SELD-Mamba: Selective State-Space Model for Sound Event Localization and Detection with Source Distance Estimation

Da Mu,Zhicheng Zhang,Haobo Yue,Zehao Wang,Jin Tang,Jianqin Yin
2024-08-09
Abstract:In the Sound Event Localization and Detection (SELD) task, Transformer-based models have demonstrated impressive capabilities. However, the quadratic complexity of the Transformer's self-attention mechanism results in computational inefficiencies. In this paper, we propose a network architecture for SELD called SELD-Mamba, which utilizes Mamba, a selective state-space model. We adopt the Event-Independent Network V2 (EINV2) as the foundational framework and replace its Conformer blocks with bidirectional Mamba blocks to capture a broader range of contextual information while maintaining computational efficiency. Additionally, we implement a two-stage training method, with the first stage focusing on Sound Event Detection (SED) and Direction of Arrival (DoA) estimation losses, and the second stage reintroducing the Source Distance Estimation (SDE) loss. Our experimental results on the 2024 DCASE Challenge Task3 dataset demonstrate the effectiveness of the selective state-space model in SELD and highlight the benefits of the two-stage training approach in enhancing SELD performance.
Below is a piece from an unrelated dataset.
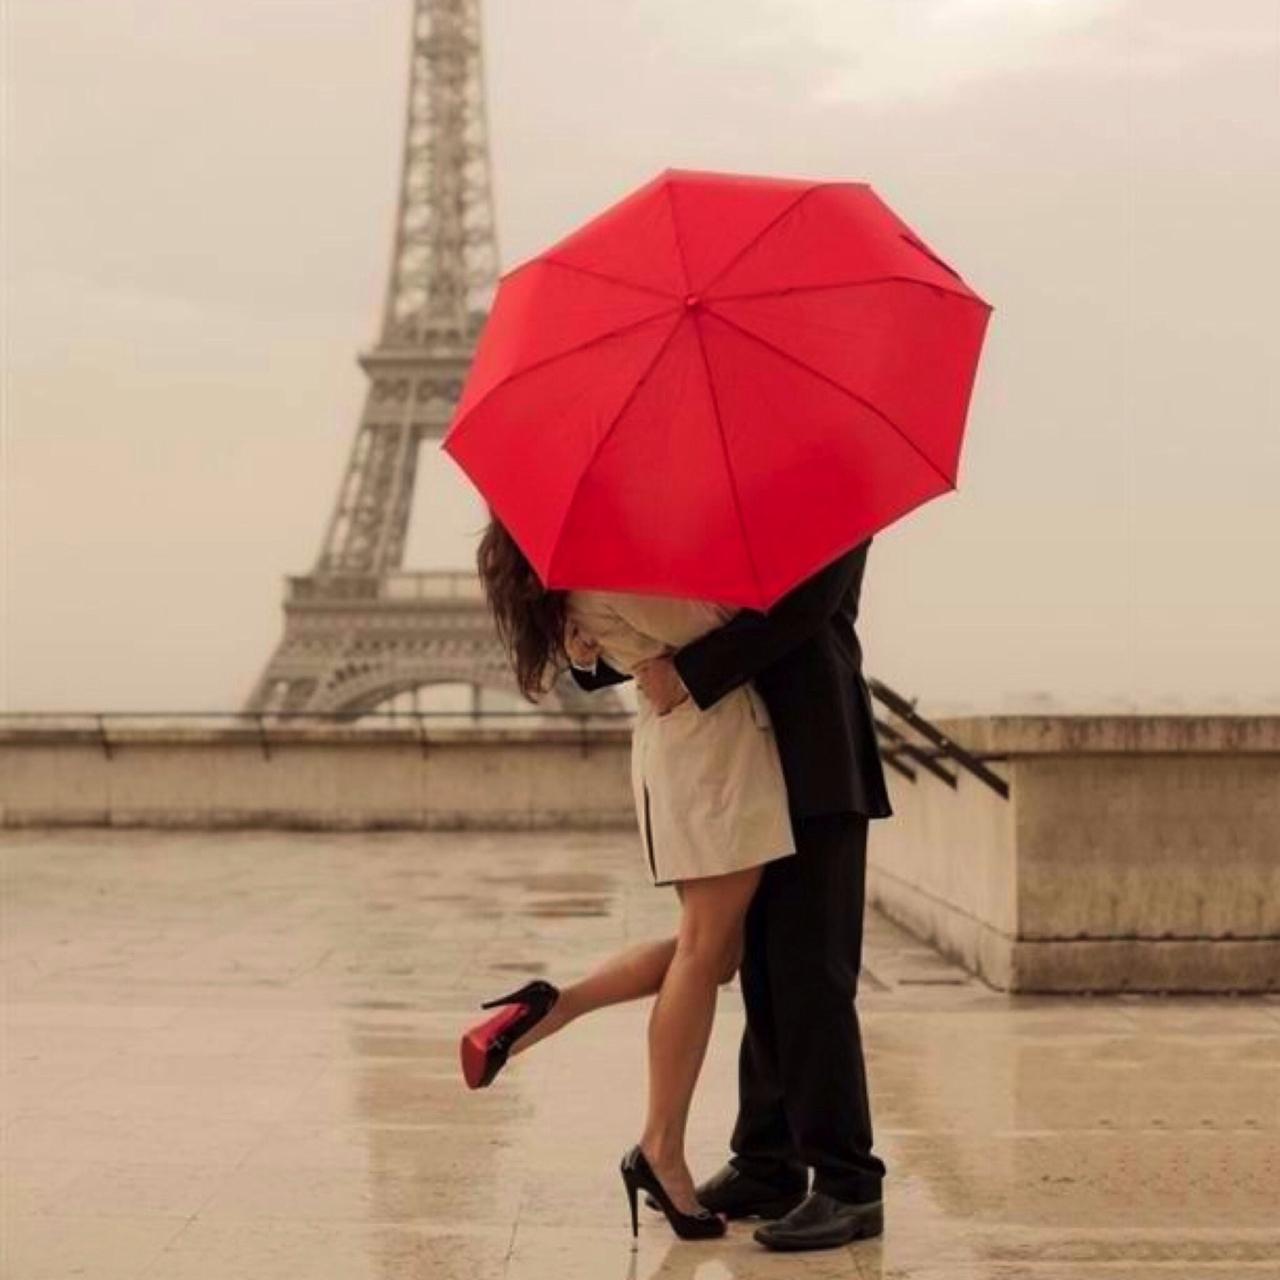 صور رومانسيه صور افلام كارتون رومانسيه صور حب

Sound,Artificial Intelligence,Audio and Speech Processing
What problem does this paper attempt to address?
The paper primarily addresses the technical challenges in the Sound Event Localization and Detection (SELD) task. Specifically, the research team proposed a new architecture named SELD-MAMBA to tackle the following issues: 1. **Computational Efficiency Issue**: Although existing Transformer-based models perform well in SELD tasks, their quadratic complexity due to the self-attention mechanism leads to low computational efficiency. 2. **Source Distance Estimation Issue**: The 2024 DCASE Challenge Task 3 introduces the requirement for distance estimation of detected sound events, making the SELD task more complex. To address these issues, the research team designed a new network structure called SELD-MAMBA, utilizing a Selective State-Space Model (SSM). This model replaces the Conformer module in the original framework with Bidirectional Mamba blocks (BMamba), which can capture broader contextual information while maintaining linear computational complexity. Additionally, they proposed a two-stage training method, initially focusing on Sound Event Detection (SED) and Direction of Arrival (DoA) estimation tasks, and then introducing the task loss of Source Distance Estimation (SDE) to achieve a performance balance among different tasks. Experimental results show that SELD-MAMBA outperforms baseline models and other advanced models in multiple evaluation metrics, with fewer parameters and lower computational costs. These results validate the effectiveness and efficiency of the Selective State-Space Model in SELD tasks.